Indian prime minister and U.S.: no compromise security in nuclear deal

Negotiations over a landmark nuclear deal with the United States are at a delicate stage, India 's prime minister told lawmakers Monday, promising skeptical communist partners and Hindu nationalist opponents that he would not compromise national security. Prime Minister Manmohan Singh also said that the country's fast-breeder program, which has become a particularly contentious issue in the discussions, would not be included in inspections by the International Atomic Energy Agency.

If finalized, the pact would allow the United States to provide nuclear technology and fuel that India needs to meet the energy needs of its booming economy. In return, India has pledged to separate its programs and open the civilian ones to IAEA inspections. A framework for an agreement was announced by Singh and U.S. President George W. Bush at the White House in July, and both sides had hoped to have it completed before the American president arrives in India on Wednesday.
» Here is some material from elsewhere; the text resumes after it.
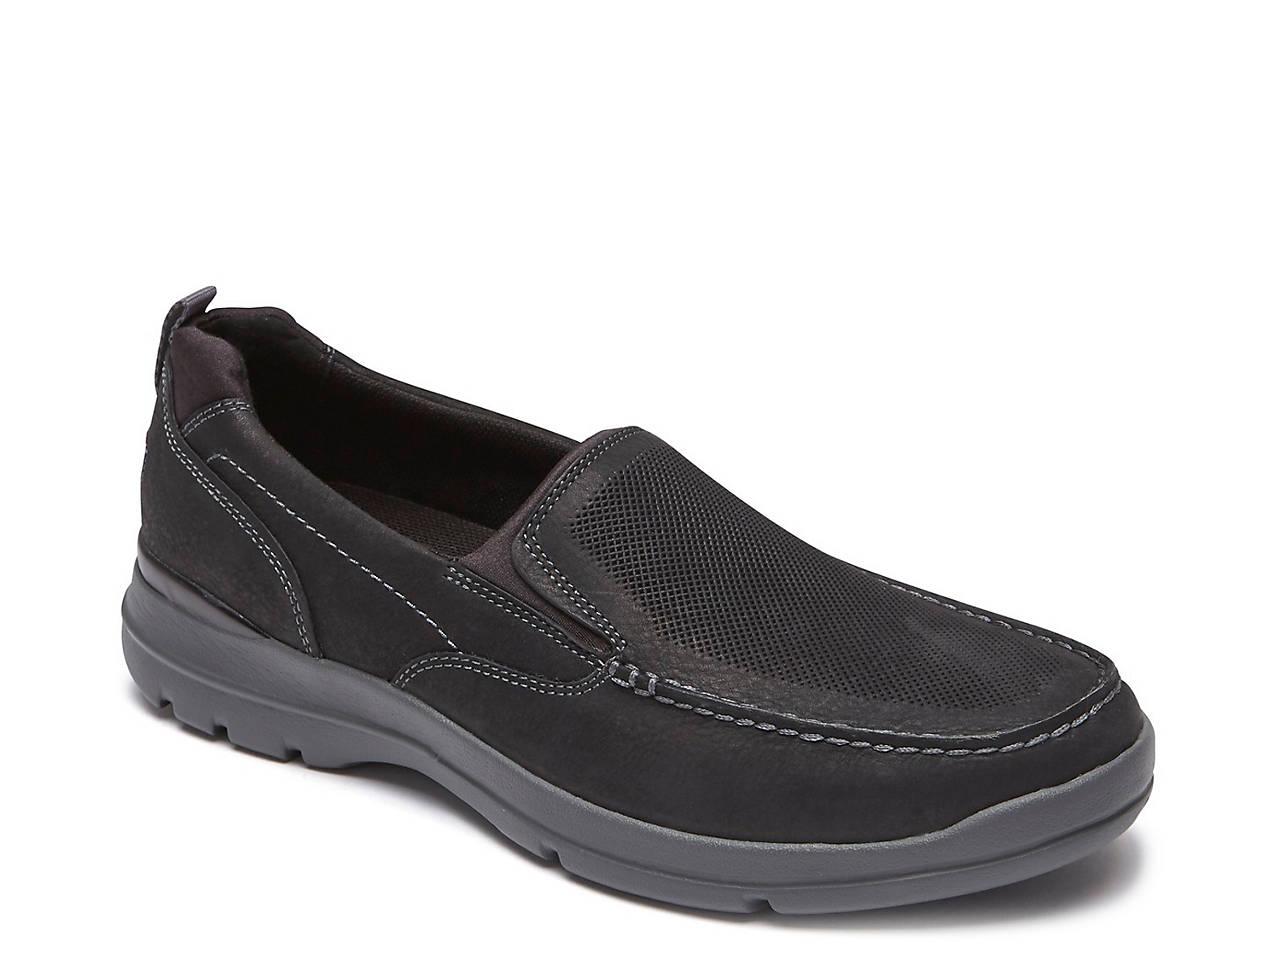 d1f47aeae795 Rockport City Edge Slip-On Men s Shoes

"I had emphasized then and I reiterate today that no part of this process would affect or compromise our strategic program," Singh said in a speech in Parliament's upper house. "We will ensure that no impediments are put in the way of our research and development activities." The pact would provide New Delhi with much-needed uranium even as it develops technology to use another radioactive material, thorium, instead of uranium, in its nuclear plants. India has the world's largest thorium deposits.
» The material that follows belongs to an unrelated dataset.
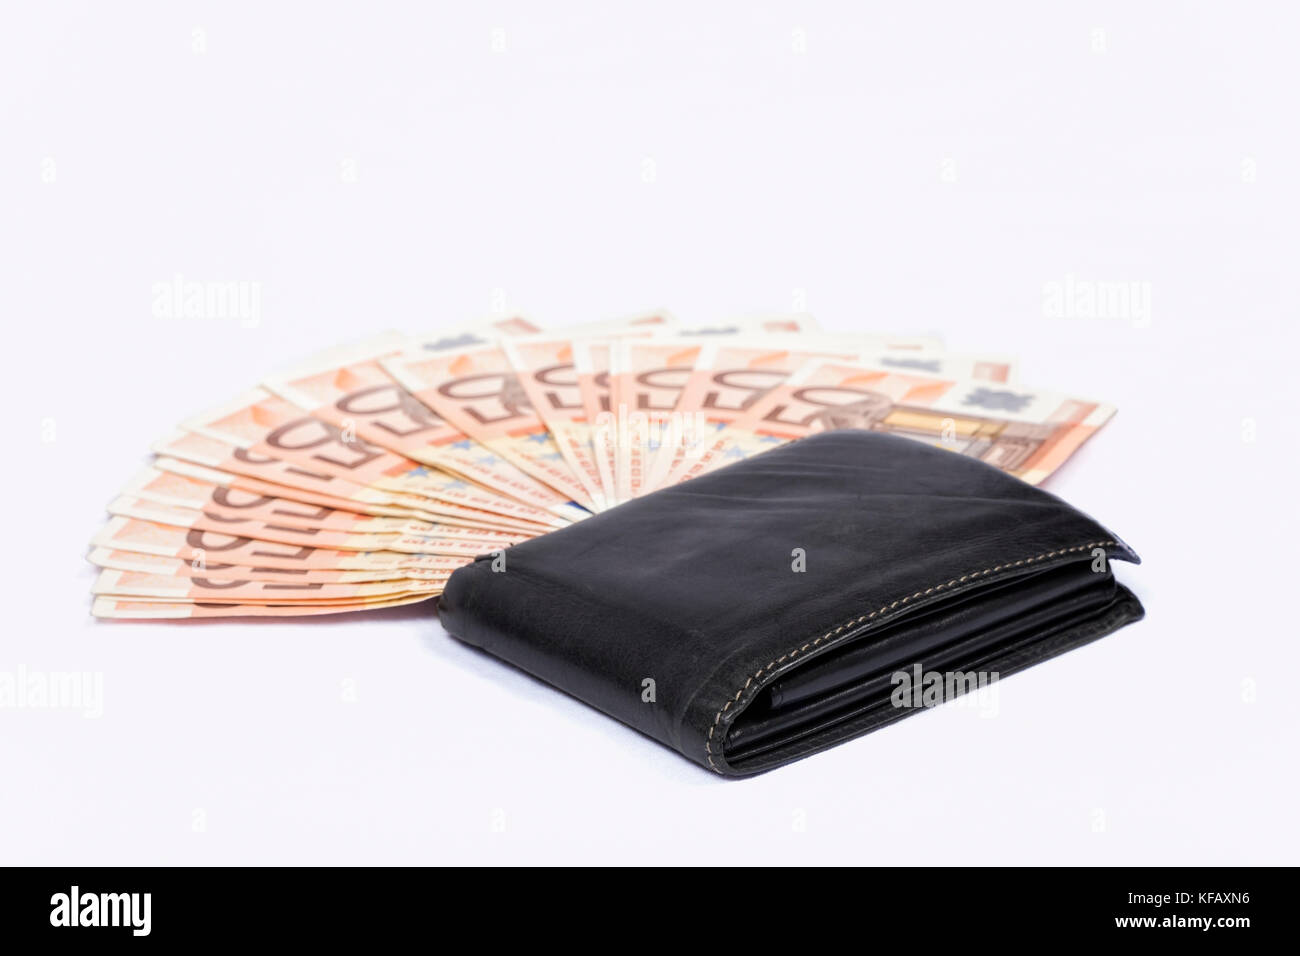 Wallet with money on white background. Euros. - Stock Image

For Washington , the nuclear pact is a major diplomatic U-turn since 1998, when New Delhi carried out multiple nuclear tests that led to economic sanctions from several countries. India later vowed to never use nuclear weapons unless attacked. In the years since, India 's swiftly globalizing economy has soared at some of the world's fastest rates, led by an information technology boom. With international oil prices rising, India is now looking to other sources, including nuclear power, to support the swift economic growth.

Talks to finalize the deal have been held up over which of India 's nuclear facilities would be designated as civilian and which would be considered military. "Negotiations are currently at a delicate stage ... There are complex issues involved," Singh said. "In our dialogue with our interlocutors, we have judged every proposal made by the U.S. side on merits, but we remain firm in that the decision of what facilities may be identified as civilian will be made by India alone, and not by anyone else."

Separating India 's tightly entwined civilian and military nuclear programs is key to the deal because the United States has only agreed to recognize India as having a civilian nuclear program, not as a legitimate nuclear weapons state. However, Singh said that in the July agreement, "the United States implicitly acknowledged the existence of our nuclear weapons program."

Further, the deal could give India all the benefits enjoyed by signatories to the Nuclear Nonproliferation Treaty, although New Delhi , which calls the pact discriminatory, is not a signatory. "The tremendous achievements of our scientists in mastering the complete nuclear fuel cycle, the product of their genius and perseverance, will not be frittered away," he said. "We have made it clear that we cannot accept safeguards on our indigenous fast-breeder program."

A fast-breeder reactor produces plutonium, which can be used for producing energy or nuclear weapons. The nuclear deal is also seen as an attempt by the United States to wean away India from its other major energy pursuit, a trans-Asian pipeline project with Iran that Washington has publicly opposed, reports the AP.